> GOAL OF THE EXERCISE
Restate the data below word for word, and let no image into your version.

> SUPPLIED MATERIAL

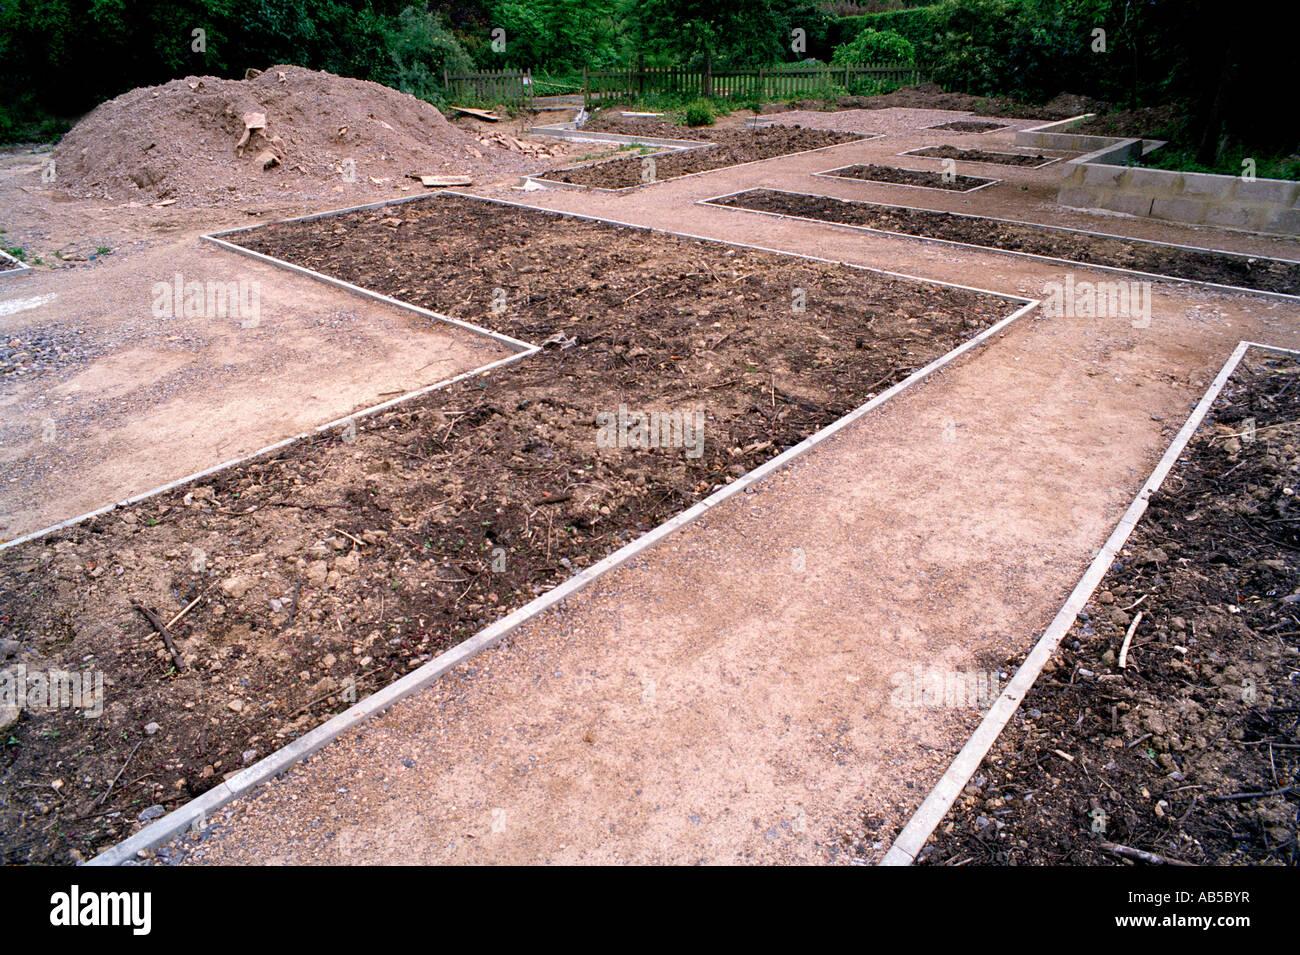 New Garden Layout Broadview Gardens Hadlow College Kent
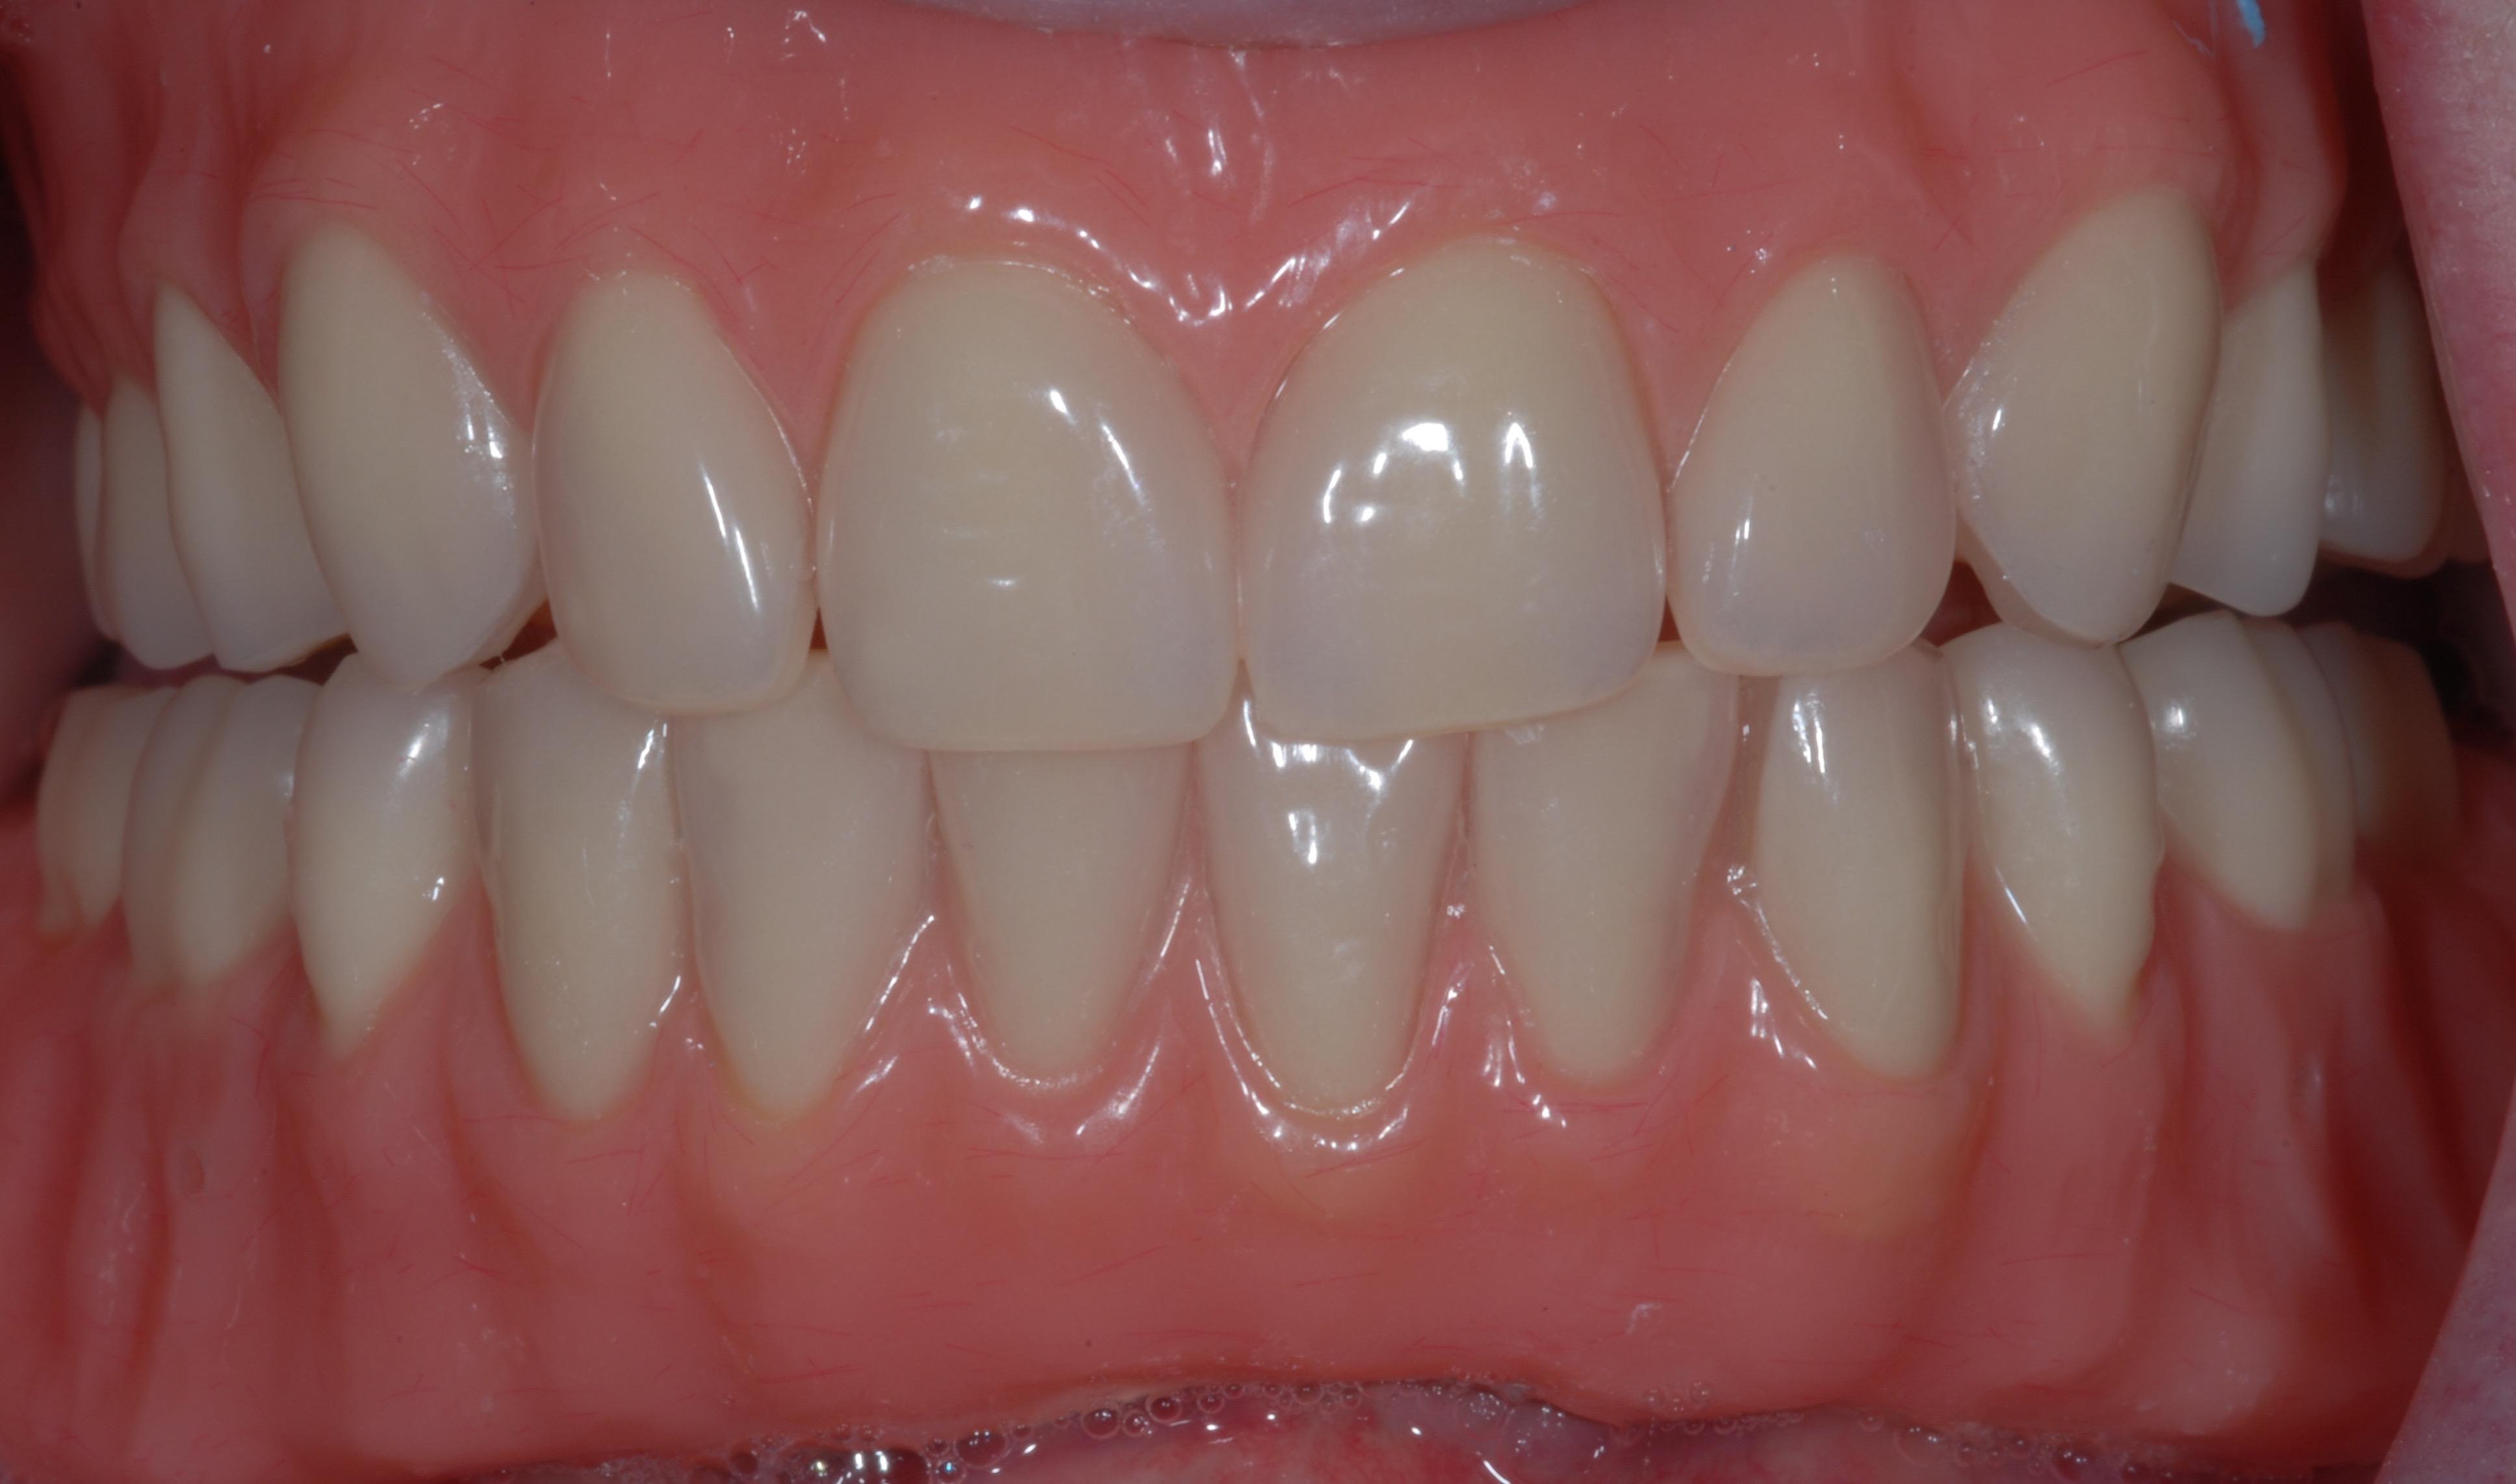 Denture - After
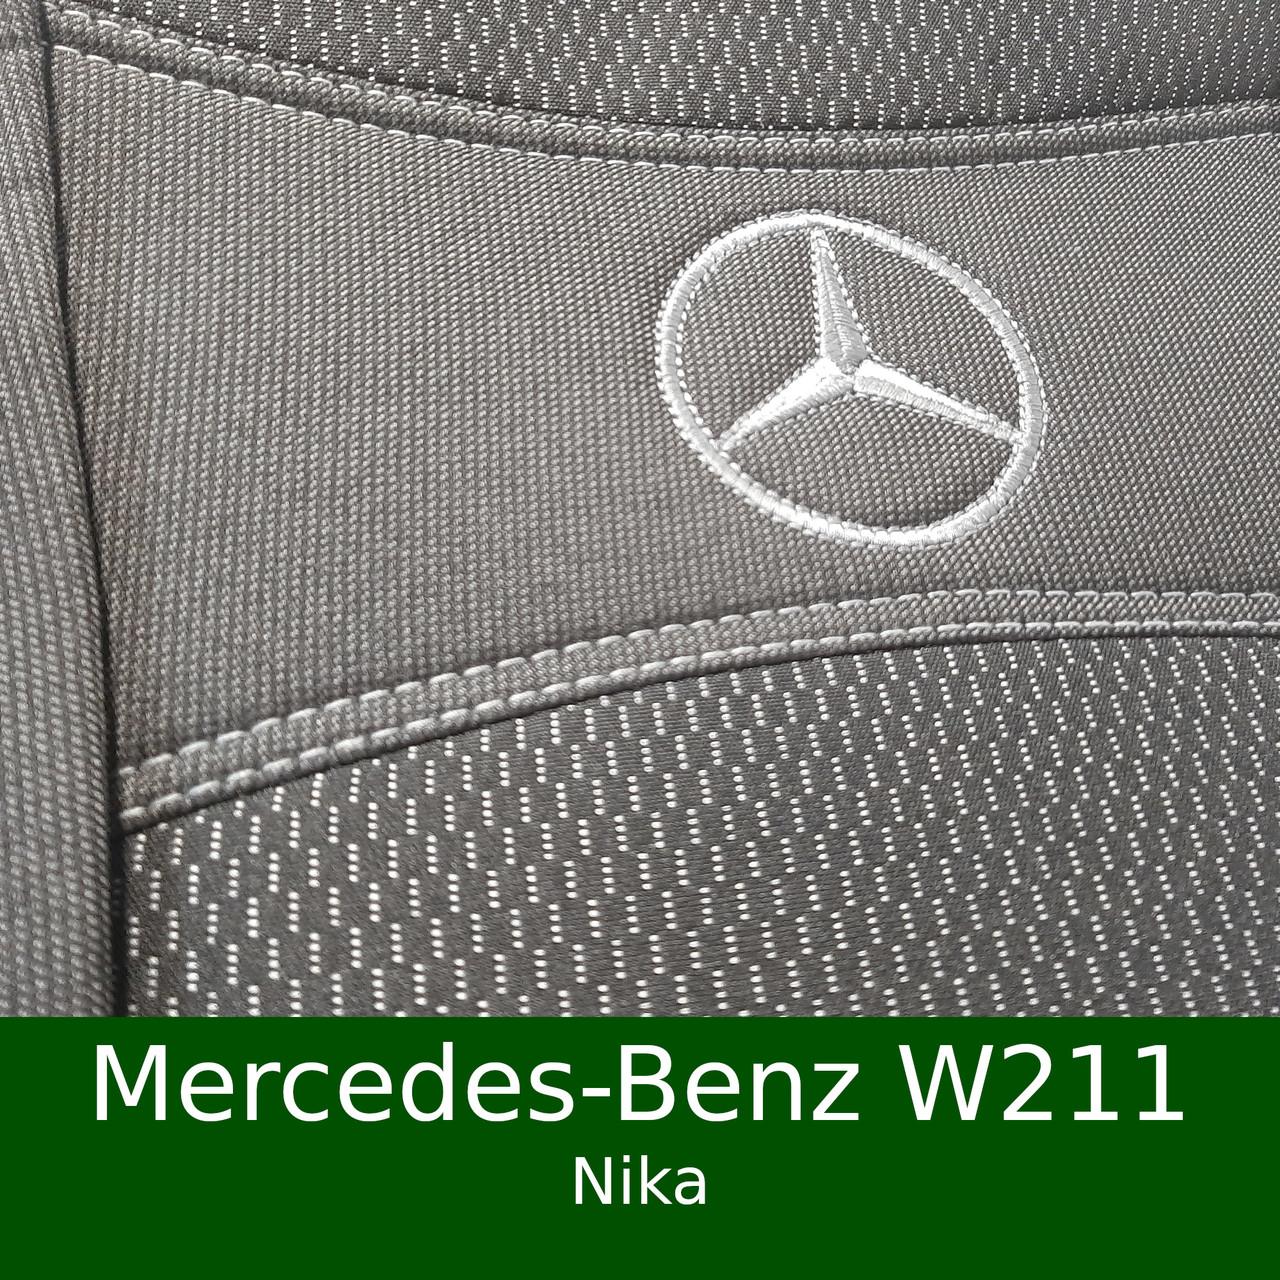 Чехлы на сиденья Mercedes-Benz W211 2002-2009г (Nika)

> WRITTEN RESPONSE
 New Garden Layout Broadview Gardens Hadlow College Kent
 Denture - After
 Чехлы на сиденья Mercedes-Benz W211 2002-2009г (Nika)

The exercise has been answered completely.